First of all, the interest rate on the benchmark 10-year U.S. Treasury bond dropped to 2.5% from 2.7% in just one week’s time. That’s a 7.4% plunge, and the big story here is that mortgage rates will drop too.

That’s because interest rates on mortgages are tied directly to the 10-year bond. So look for at least a 20 basis point drop soon, and maybe as much as a quarter of a percent.

Average U.S. rates on fixed mortgages declined this week for the third straight week. The lowered rates could give a boost to the spring home-buying season, which is off to a slow start.

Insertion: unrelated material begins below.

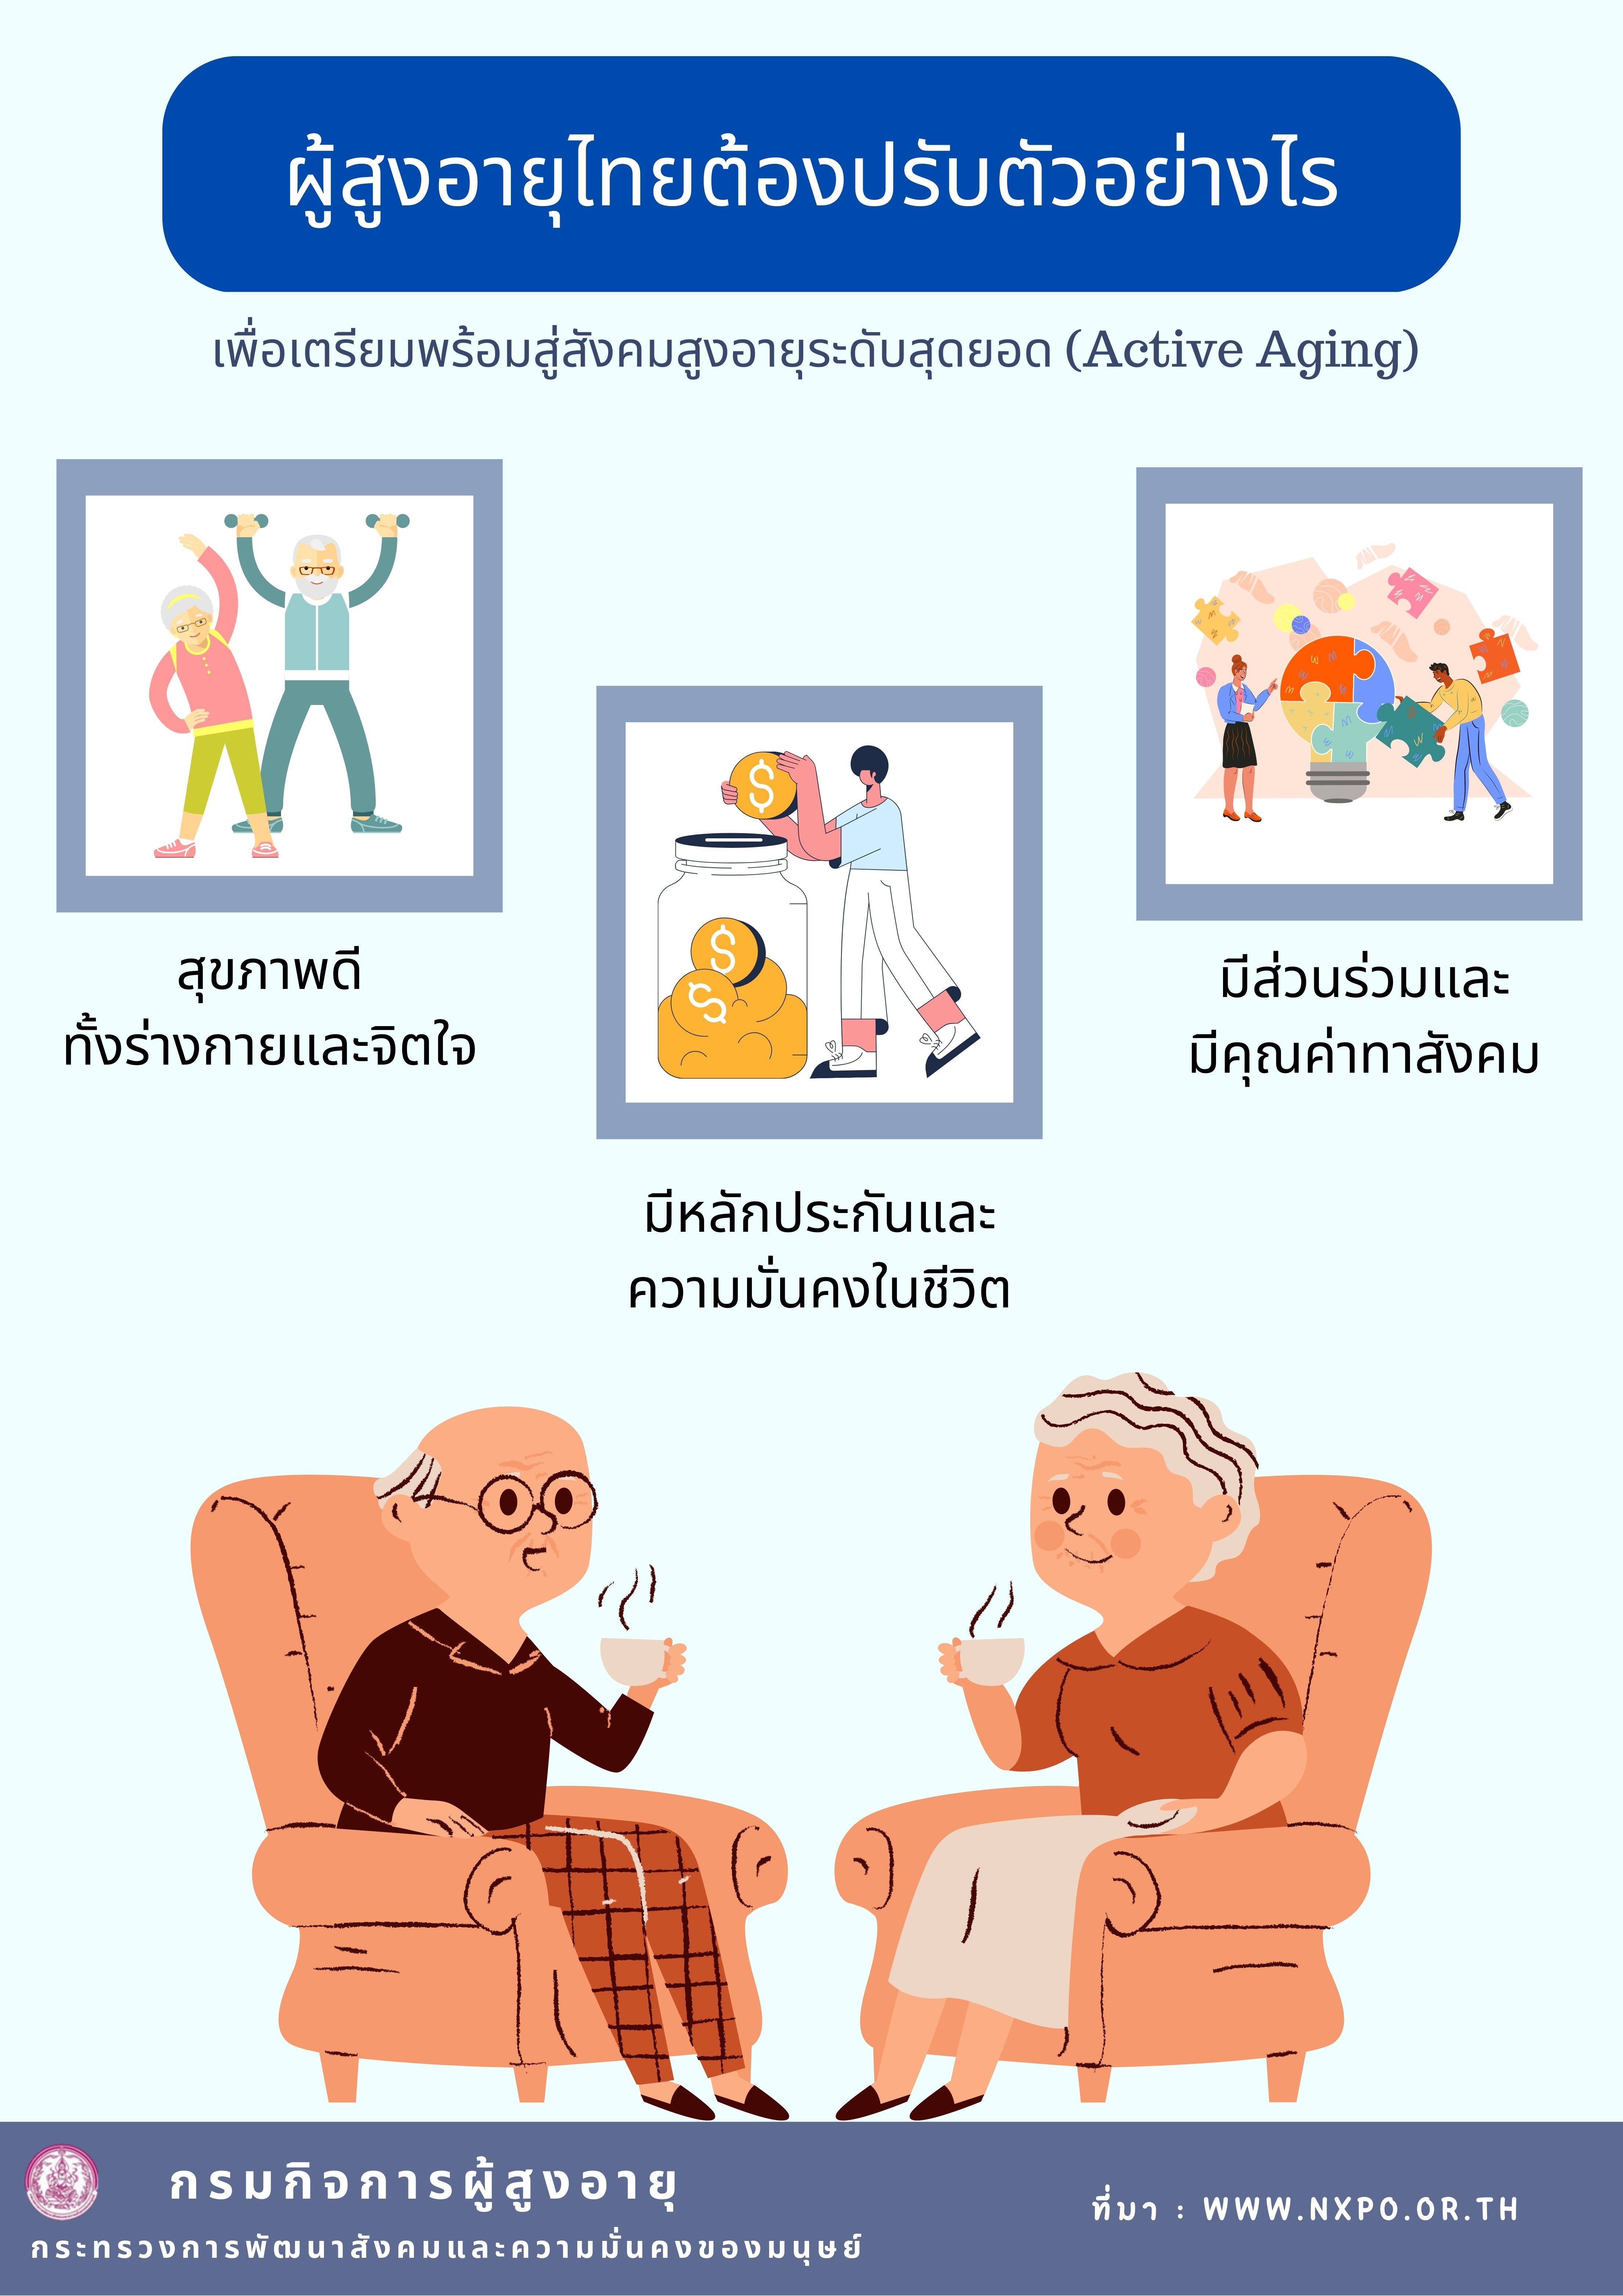 ผู้สูงอายุไทยต้องปรับตัวอย่างไร

Mortgage buyer Freddie Mac said May 15 that the average rate for a 30-year loan dropped to 4.20 percent from 4.21 percent last week. The average for the 15-year mortgage fell to 3.29 % from 3.32%.

Mortgage rates have risen nearly a full percentage point since hitting record lows about a year ago. By May 23 I anticipate the 30-year mortgage to be at 4.0% and the 15-year to be slightly above 3%.

This should help existing home sales and take some pressure off the rental market that has overheated in many regions. It should also help your clients to get better rates to buy more rental properties.

Meantime, U.S. consumer sentiment fell in May amid concerns over income growth. The Thomson Reuters/University of Michigan’s preliminary reading for May on consumer sentiment was 81.8, down from 84.1 the month before. Economists expected the index to have improved.

The sentiment news coincided with a report from The New York Fed. The Quarterly Report on Household Debt and Credit for the first quarter of 2014, showed a $129 billion increase in overall household debt from the previous period.

Delinquency rates continued to improve, with the overall ninety-plus day delinquency rate falling to 4.8 percent, the lowest it has been since mid-2008. By the end of the first quarter, U.S. households were $11.65 trillion in debt. The fastest growing debt category: student loans, which top $1 trillion.

Pew Research reported recently that four in ten U.S. households (37%) led by an adult younger than 40 have student debt. Households with student loan debt have a median net worth of $8,700 compared to $64,700 for households without student debt.

On a positive note, U.S. housing starts increased to a seasonally adjusted annual rate of 1.072 million in April vs. the average economist’s expectation of 980,000. Building permits rose to an annual rate of 1.08 million vs. the consensus target of 1.01 million.

“Today’s report on US housing starts should help to assuage FOMC [Federal Reserve] concerns that housing activity was flattening out as opposed to gradually recovering after successive adverse shocks from higher mortgage rates last year,” said Michael Gapen, Barclays Capital’s chief U.S. economist.

The bottom line for those in the property management and residential rental industry is that the economy has cooled for now. Most residents carry a load of debt (thus the need for careful credit screening) but interest rates are falling again.

The months ahead may see an increase in vacancies as people relocate during the summer, but there will also be a robust number of prospective residents looking for well-maintained units to rent.